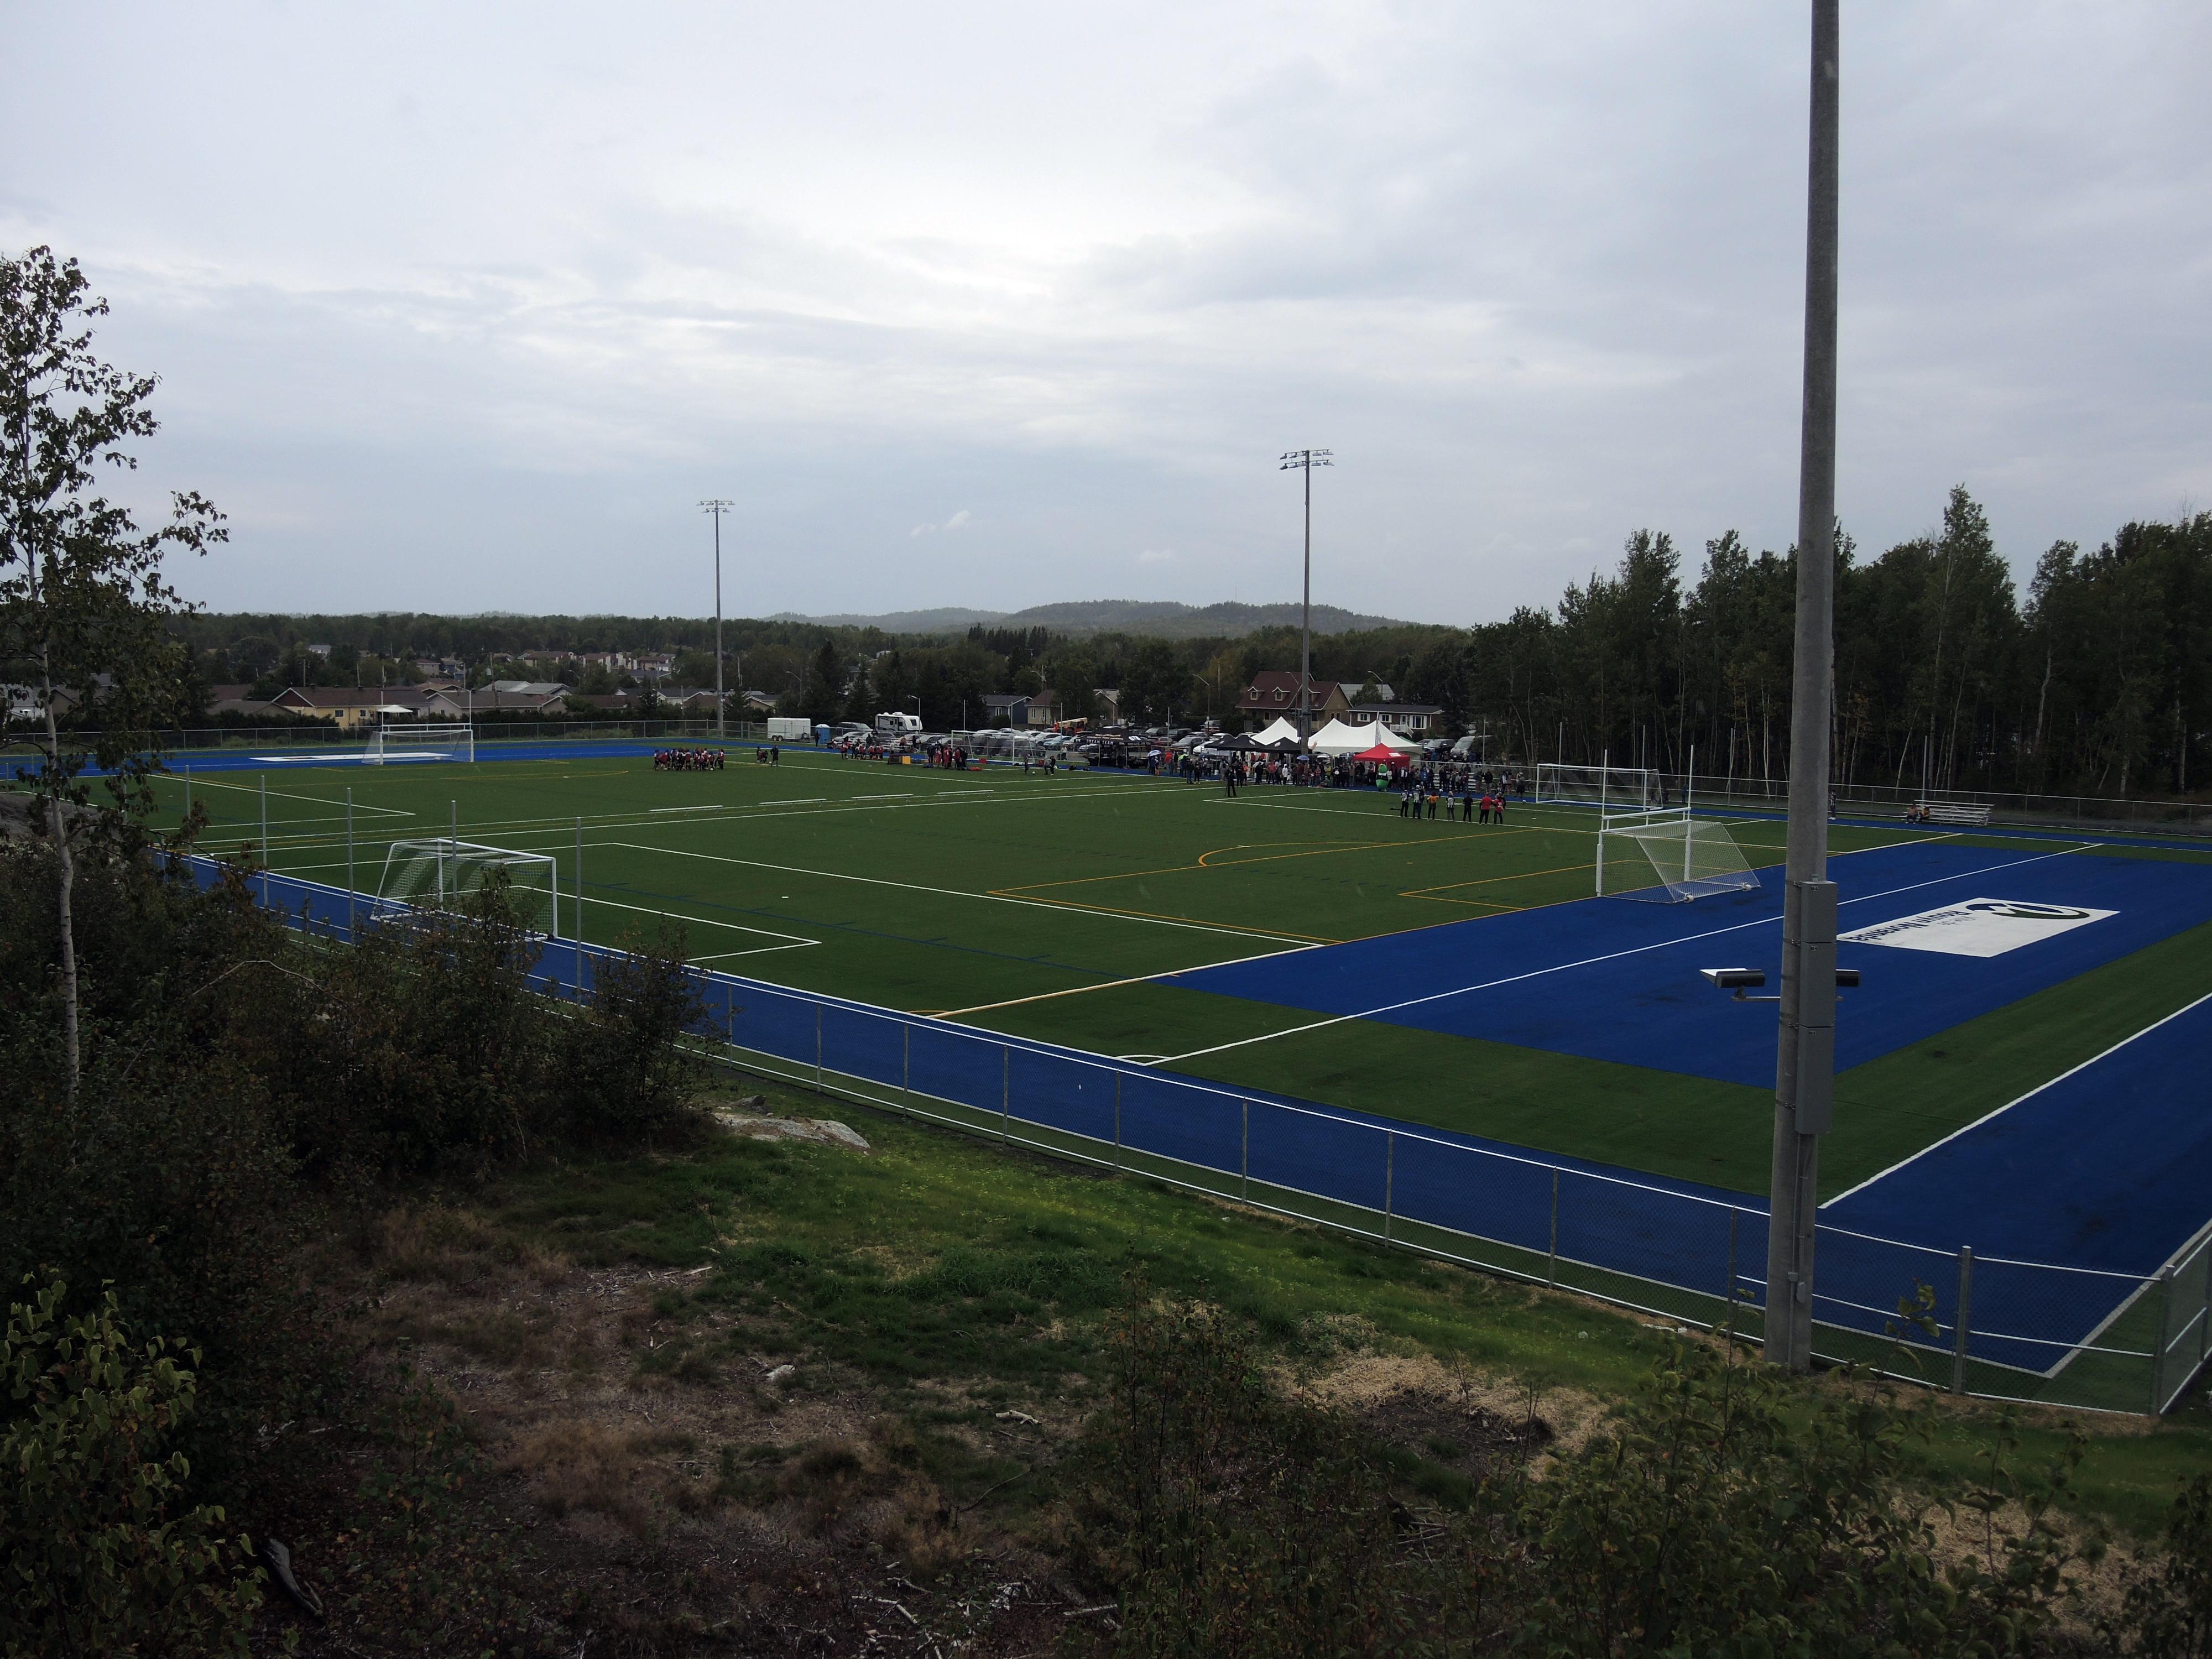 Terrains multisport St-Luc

·····

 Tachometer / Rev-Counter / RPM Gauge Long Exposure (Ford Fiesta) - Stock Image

·····

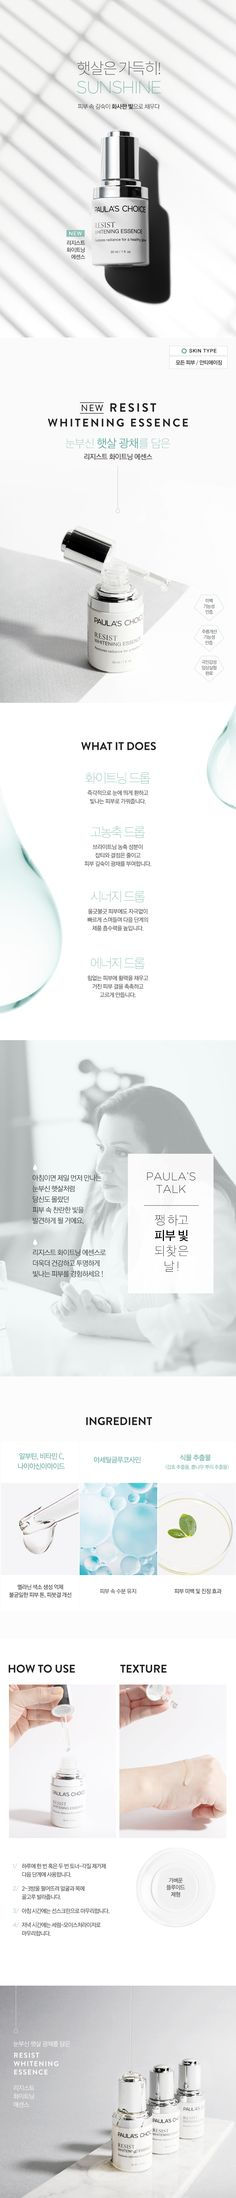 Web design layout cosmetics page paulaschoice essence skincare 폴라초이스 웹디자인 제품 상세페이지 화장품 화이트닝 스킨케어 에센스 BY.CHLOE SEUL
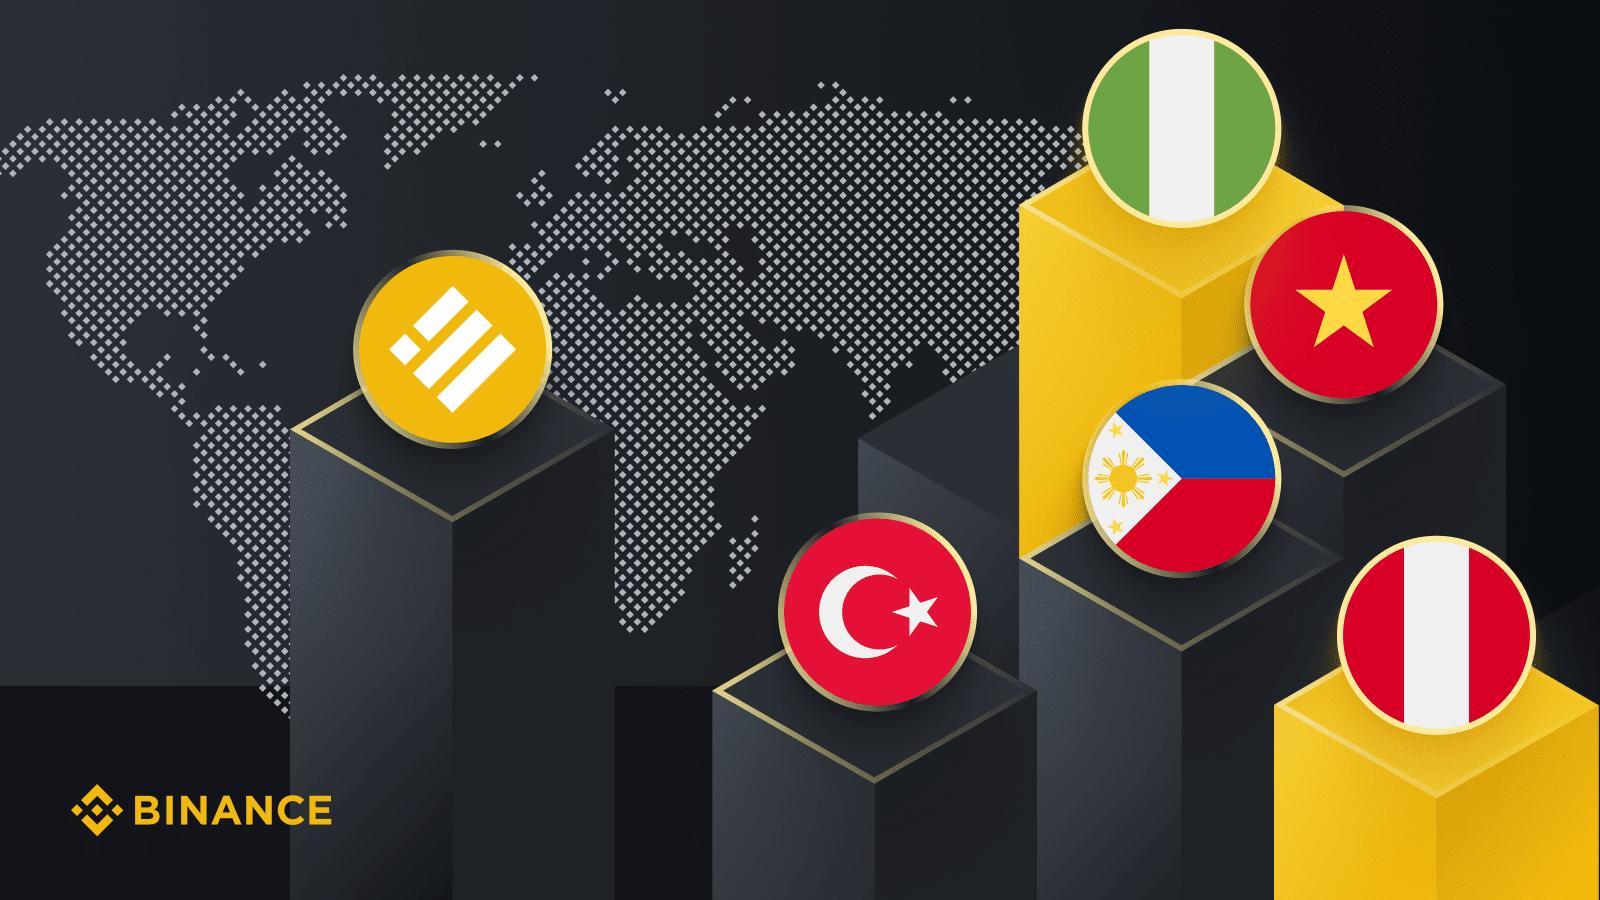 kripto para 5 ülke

·····

:: EXERCISE ::
Pictures in the entries do not go into the copy. Print only the lines starting at the one containing "Web design layout" and ending at the one containing "kripto para 5 ülke", exactly as they appear.

:: ANSWER BOX ::
 Web design layout cosmetics page paulaschoice essence skincare 폴라초이스 웹디자인 제품 상세페이지 화장품 화이트닝 스킨케어 에센스 BY.CHLOE SEUL
 kripto para 5 ülke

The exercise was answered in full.